Prognosticative Polar Express
I love watching Christmas movies, from, “It’s a Wonderful Life”, to, “Die Hard”, “A Christmas Story” to the Rankin & Bass, “Animagic”, stop-motion animated features.
In 2004’s, “The Polar Express”, when the African American young lady receives her punched ticket, the word, lead, is punched out of it. She is not entirely negative, thinking it indicates, “Lead, as in a lead balloon?”, to which the conductor basically replies it means she is to lead, as in be a leader.
The Polar Express‘ star, Tom Hanks grew up in Glenview, Oakland, where I lived for years, and where Harris was born; Harris grew up in Berkeley, where I grew up.

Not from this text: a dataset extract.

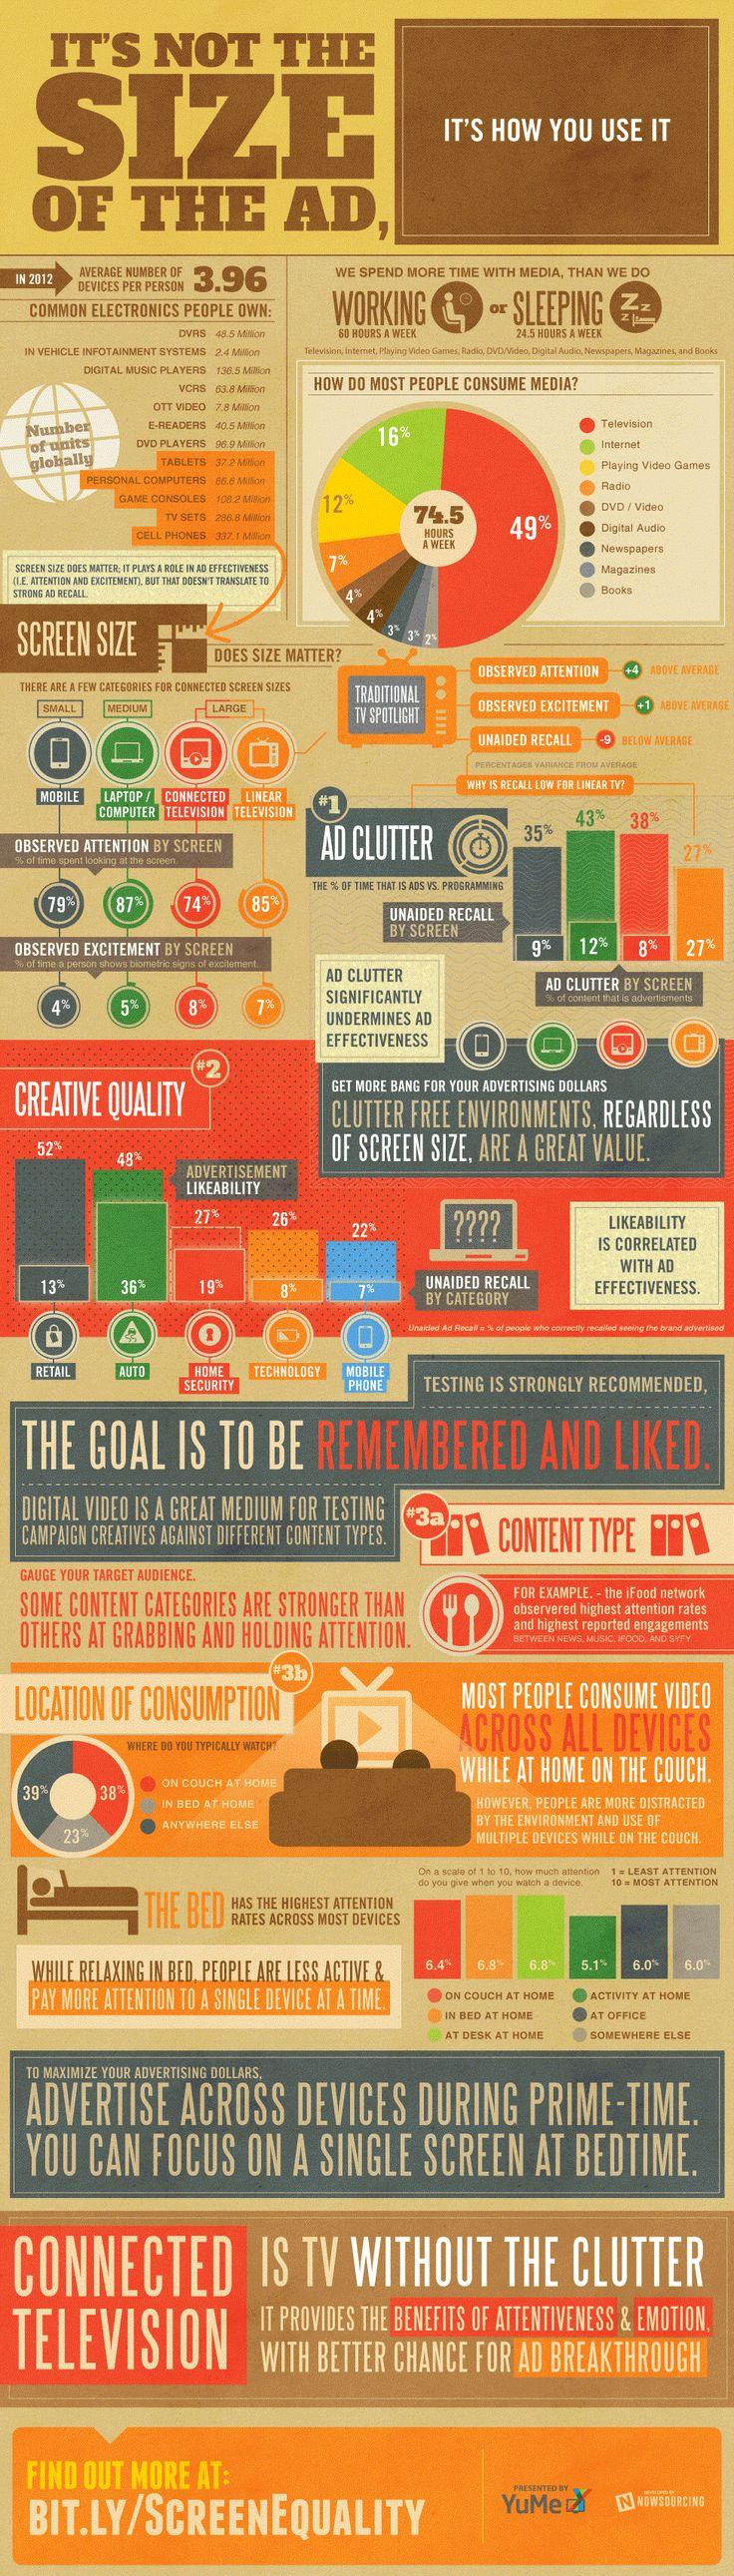 It's Not the Size of the Ad, It's How You Use It. - infographie - www.eewee.fr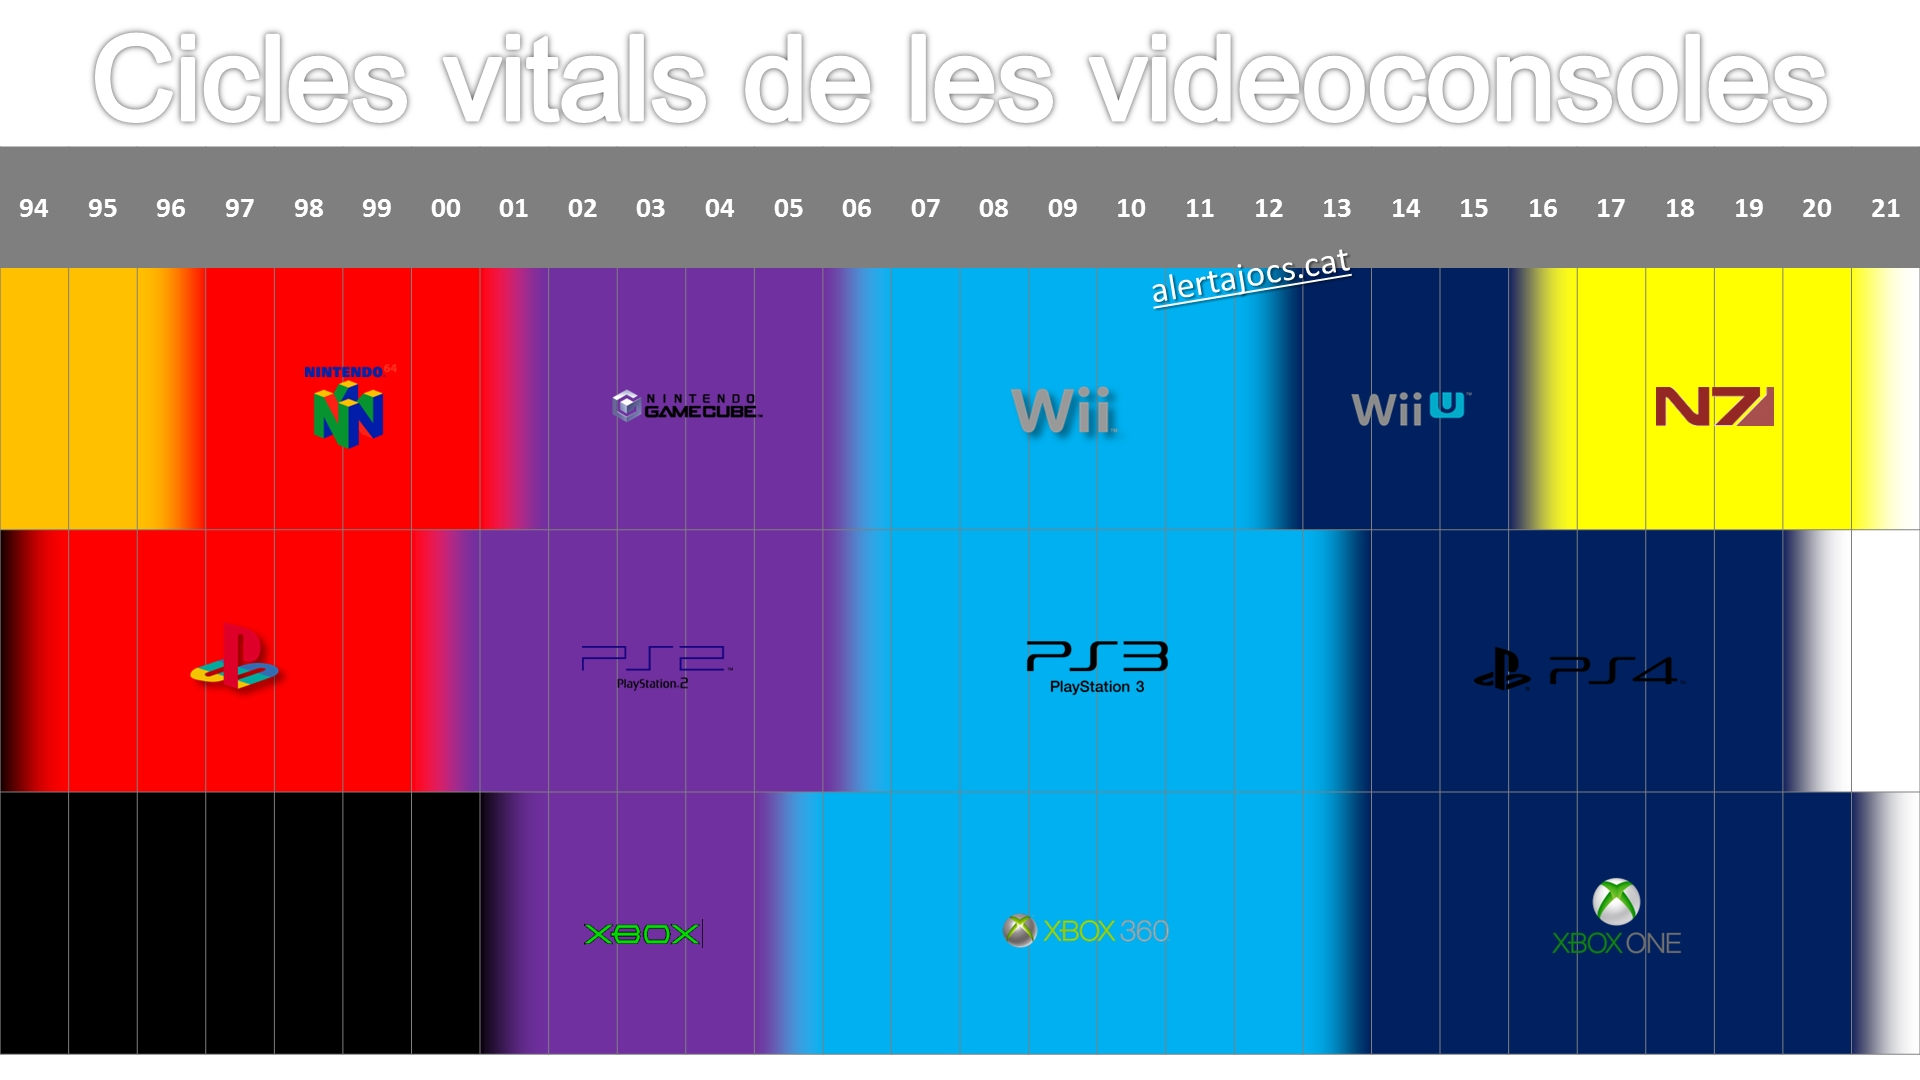 cicle vital videoconsoles 01

I’m not a biggie, like Harris and Hanks, but it’s cool to me that our Vice-President Elect, an exceptional woman, hails from my neck of the woods.
Hanks and Harris are the same age, and I think it’s neat that the young African American person from The Polar Express who’s to become a leader could be considered a positive harbinger of things that have happily ensued: our nation’s first African American and first female Vice President.
I’m also glad that Nona Gaye, born in 1974, played the young African American young lady, in The Polar Express (2004) because her dad, the late Motown star, Marvin Gaye, lost his life in 1984, and sometimes history has a way of making things right.